Accordingly, the report calls for milder sentences for minor crimes and the introduction of methods such as home arrest and fines instead of prison terms.
It also draws attention once again to the authorities failure to allow access to jails by the International Committee of the Red Cross. The government has made feeble overturtes in that direction in the past, but nothing has ever come of it.
Clearly, the main reason that the Turkmens don’t want foreigners nosing about their prisons is because of what they might find in there. Tuberculosis – which is likely to become worse in the country in the absence of Medecins Sans Frontieres, who left under bad cloud last year – is rampant. If TIHR’s report is even half accurate, the conditions are nightmarish and the cruelty routine.
But perhaps even more importantly, for the highly sensitive Turkmen authorities, prisons are full of political undesirables that might be inclined to say something inappropriate.

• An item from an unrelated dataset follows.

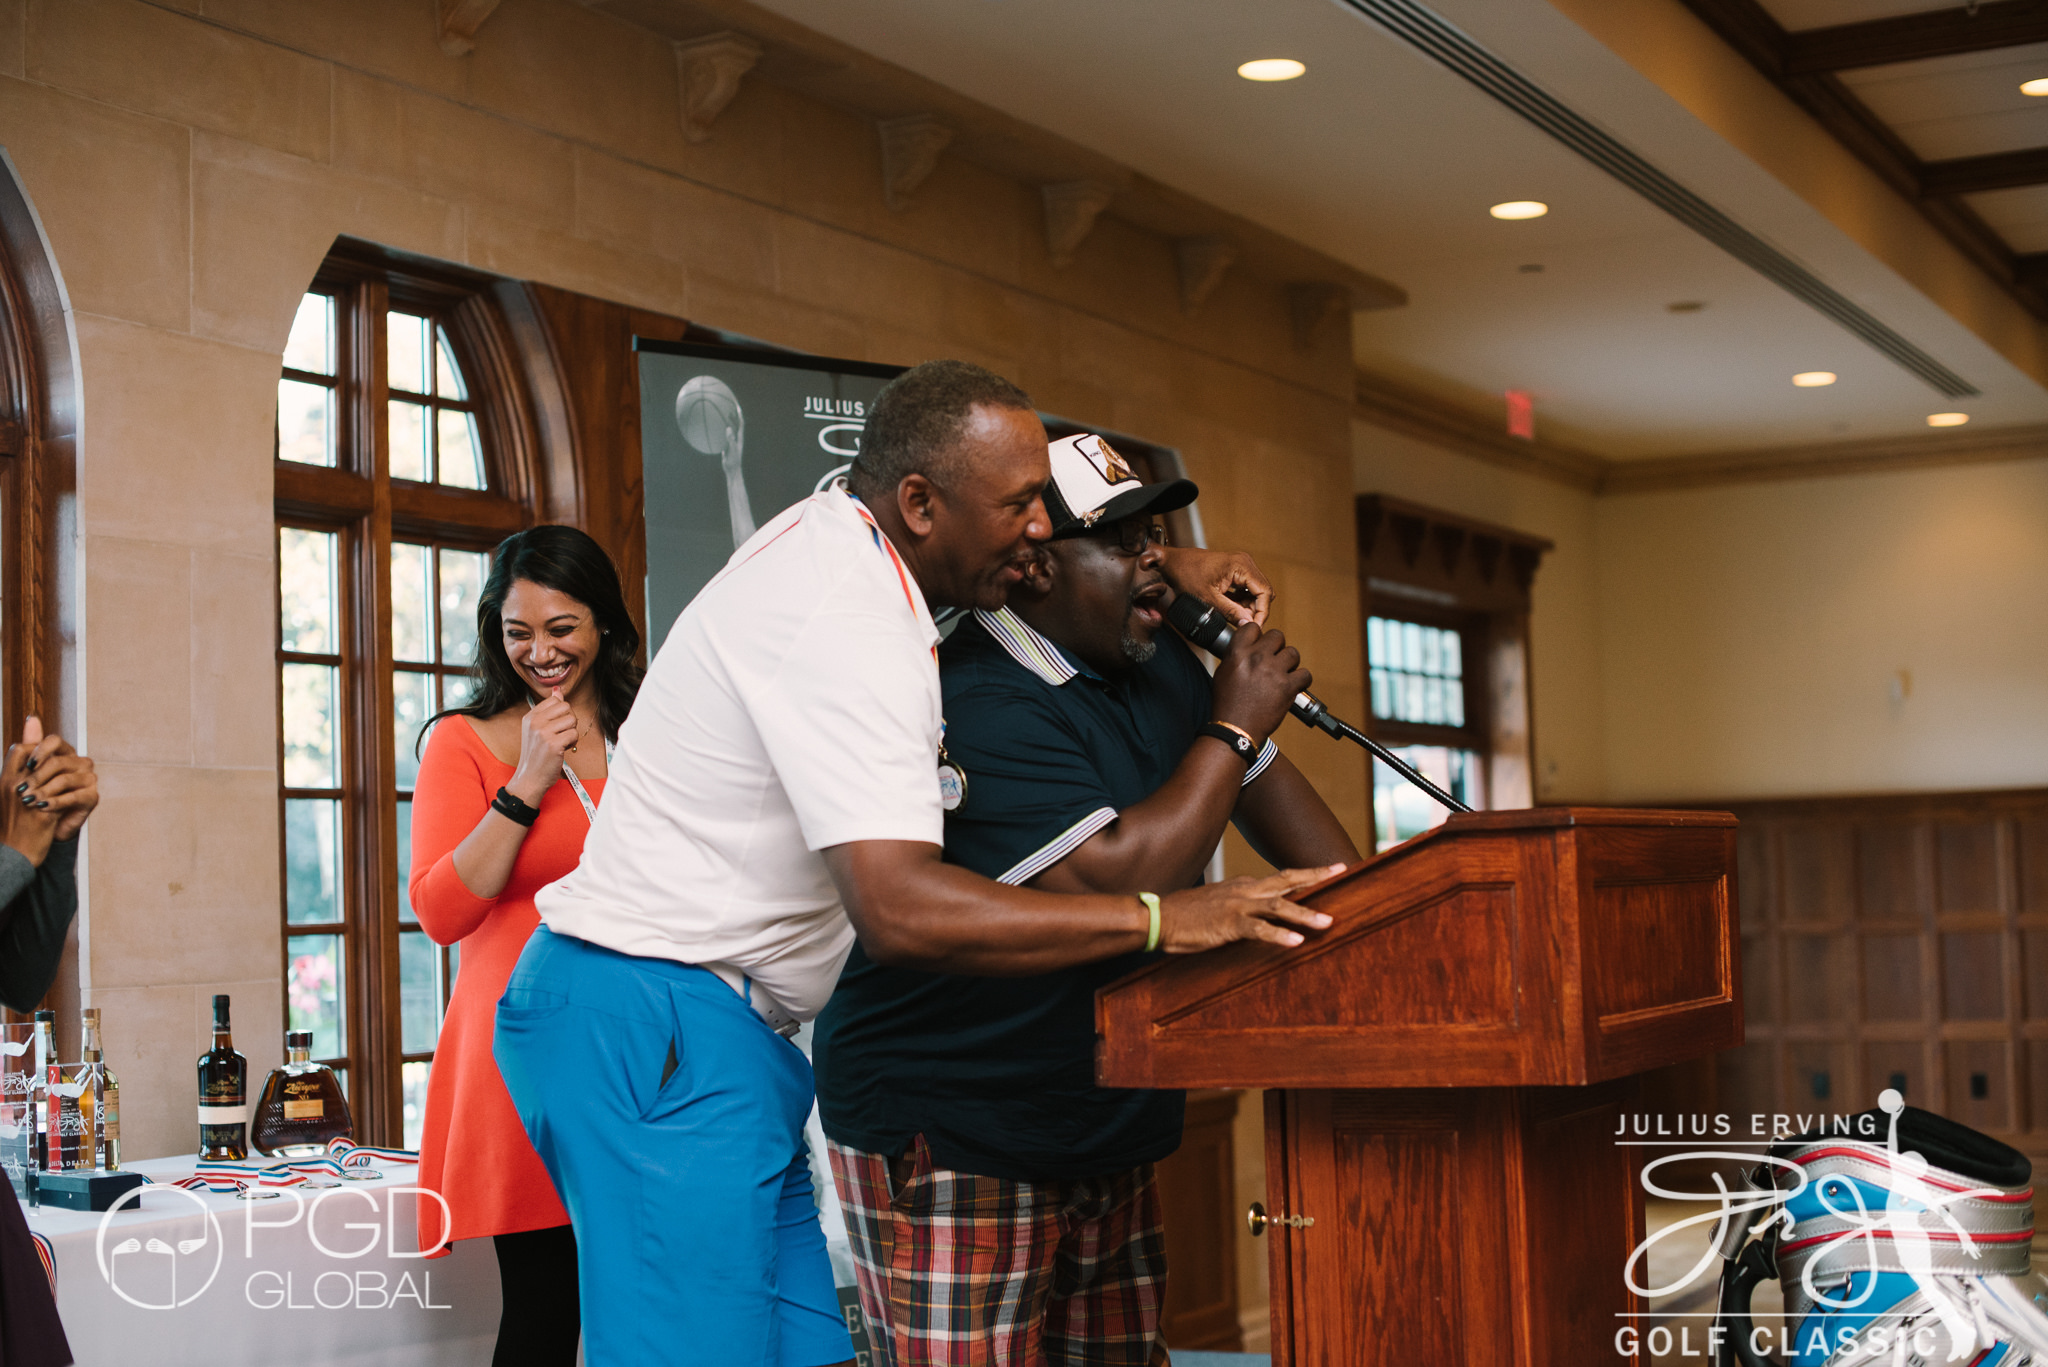 MLB Legend Joe Carter and Actor & Comedian Cedric The Entertainer entertain guests winning The 2015 Erving Classic Best Dressed Award.

At any rate, it would have have been legitimate to expect this report and its findings to disappear down a deep, dark hole, but the government has responded with surprising alacrity, as AP reports:
Turkmenistan’s president has ordered the country’s maximum prison sentence cut to 15 years and called for improving prison conditions, state media reported Tuesday.
The measures come as doubts grow about the authoritarian government’s commitment to democratic reforms.
President Gurbanguli Berdymukhamedov told a meeting of security officials Monday that the maximum sentence will be reduced from 25 years and fines will replace prison time for certain crimes, state newspaper Neutral Turkmenistan reported.
Berdymukhamedov instructed the interior minister to study bringing prison conditions up to international standards, the paper said.
Where the authorities fall short, however, is on the issue of oversight. All Berdymukhamedov seems willing to commit to is to allow unspecified civic groups to monitor the state of jails. But given how craven and toothless those groups tend to be in Turkmenistan, there is no reason to believe that will come to anything.
Regardless of how this works out – and on the face of it, this announcement is unequivocably good news – the very fact that the government seems to have been stung into action by the report of an exiled activist group is a startling development.
Who knows that Berdymukhamedov hasn’t been surfing the net?